> [GIVEN RECORDS]:
·····

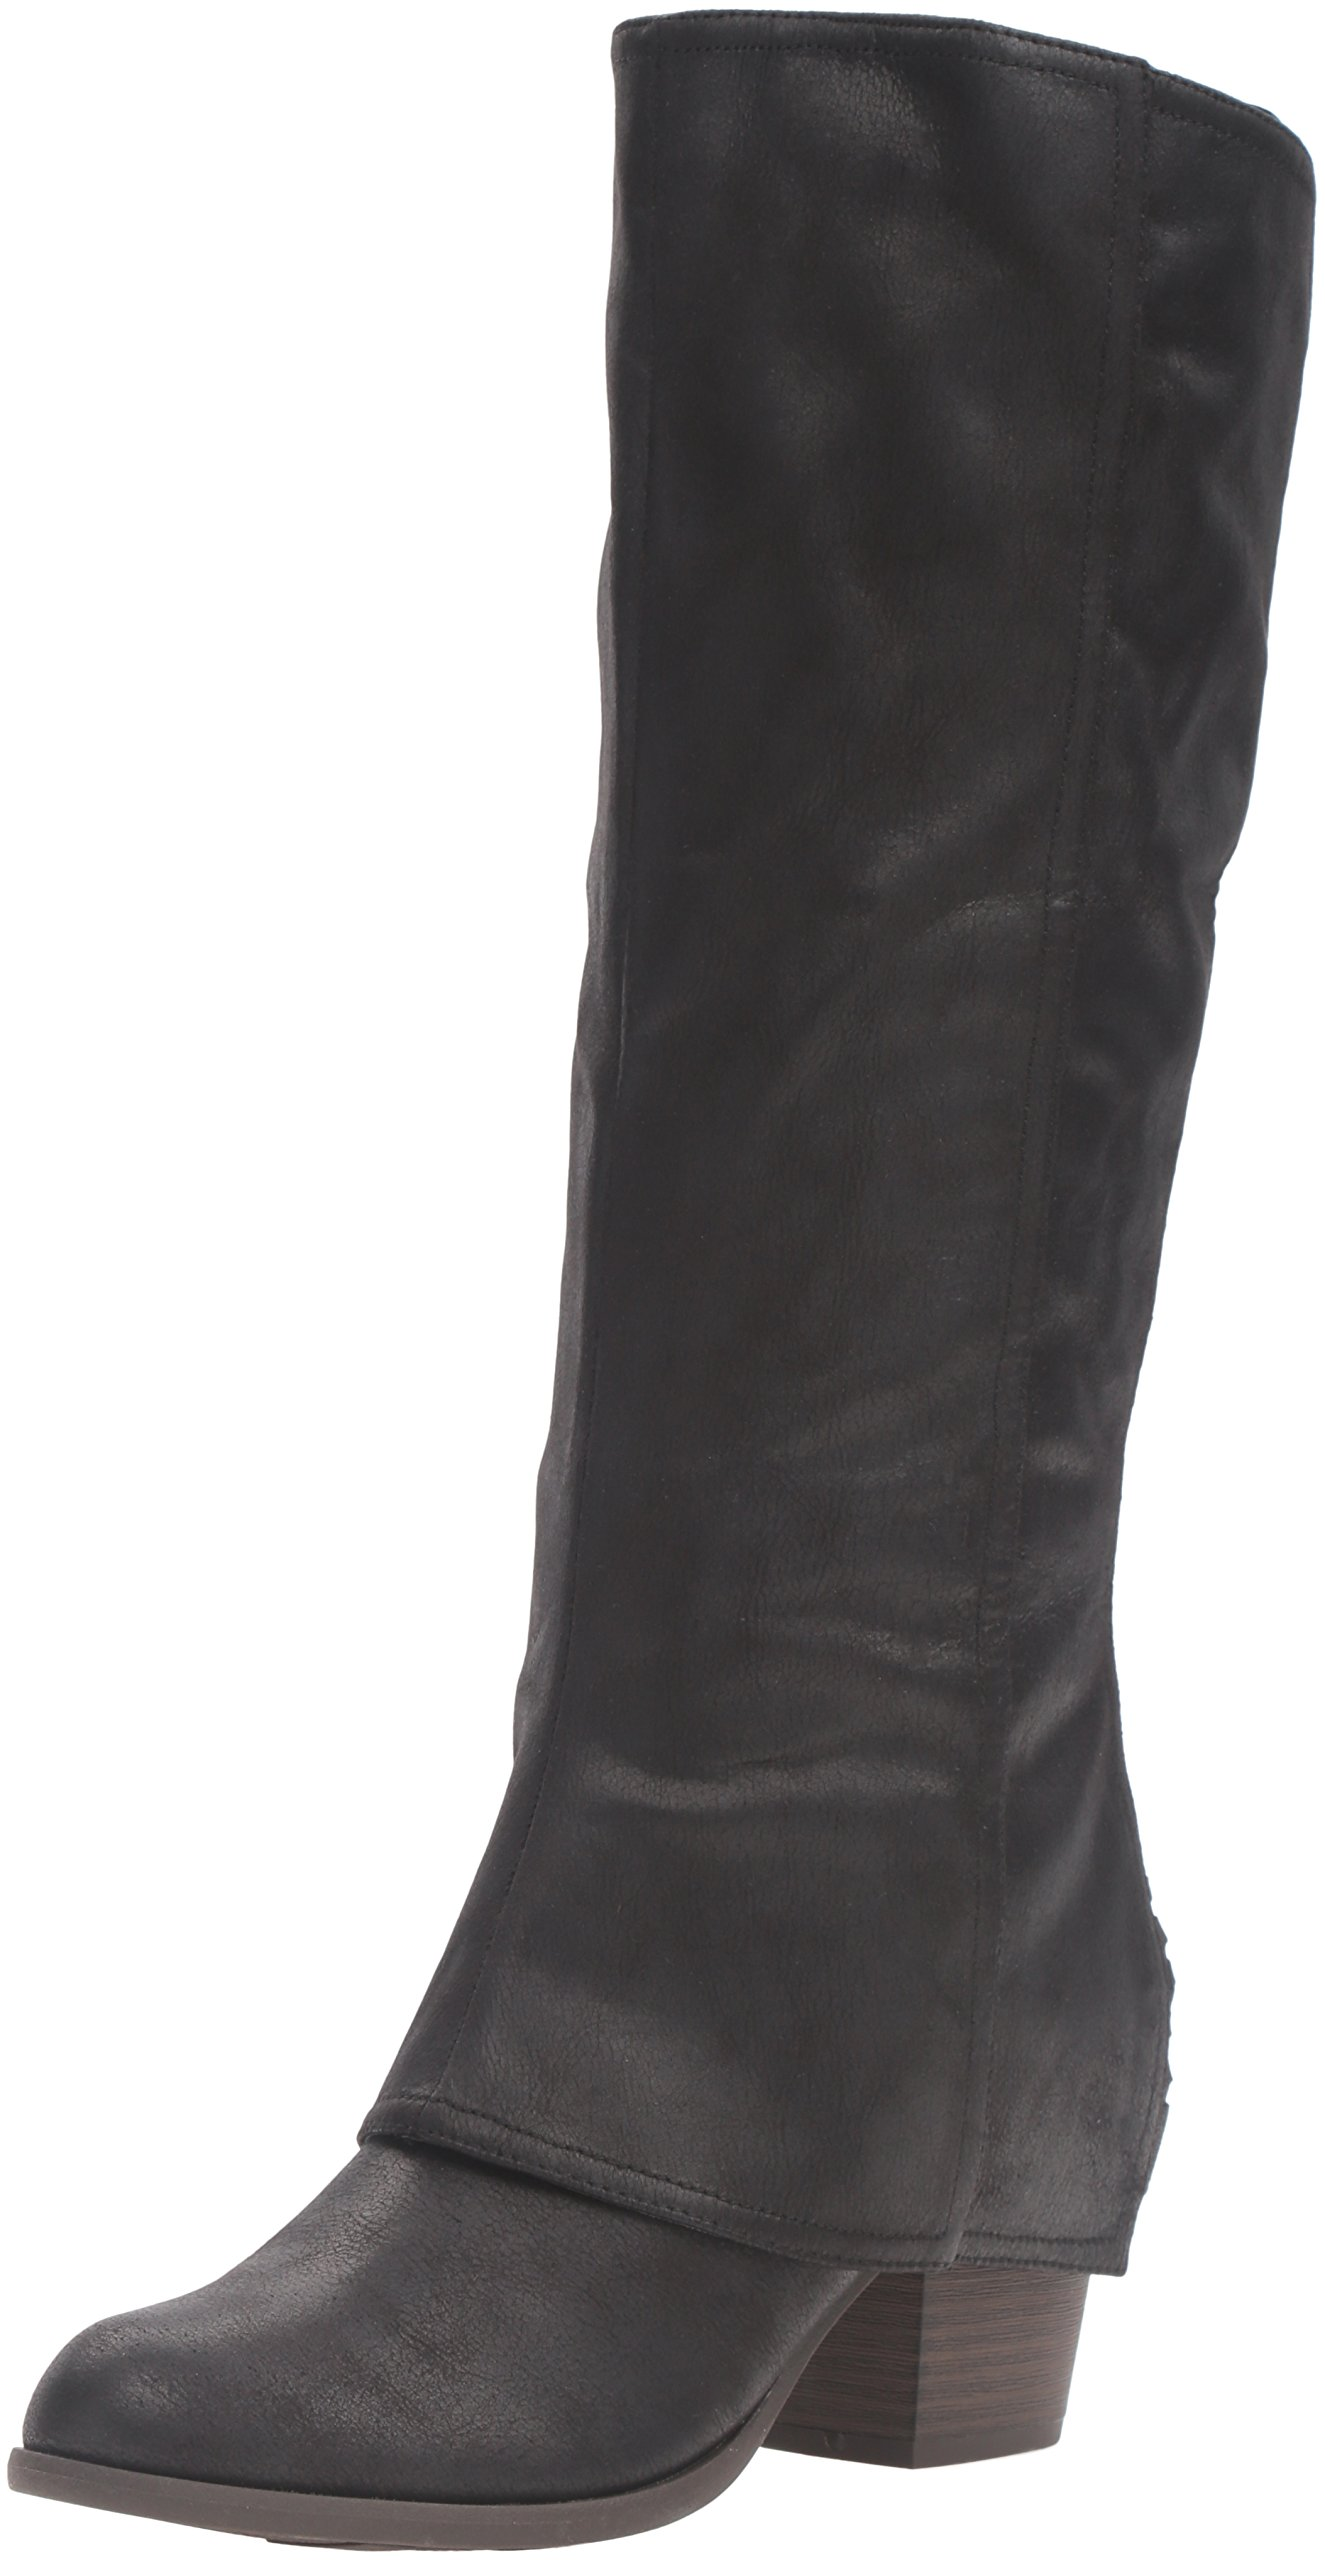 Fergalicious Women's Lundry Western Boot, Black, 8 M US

·····

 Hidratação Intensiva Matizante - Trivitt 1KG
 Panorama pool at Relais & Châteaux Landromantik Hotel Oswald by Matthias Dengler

·····

> [THE PROBLEM]: Using the records above, copy word for word the line with "Hidratação Intensiva Matizante - Trivitt 1KG", the line with "Panorama pool at", and every line between them.

> [TASK ANSWER]:
 Hidratação Intensiva Matizante - Trivitt 1KG
 Panorama pool at Relais & Châteaux Landromantik Hotel Oswald by Matthias Dengler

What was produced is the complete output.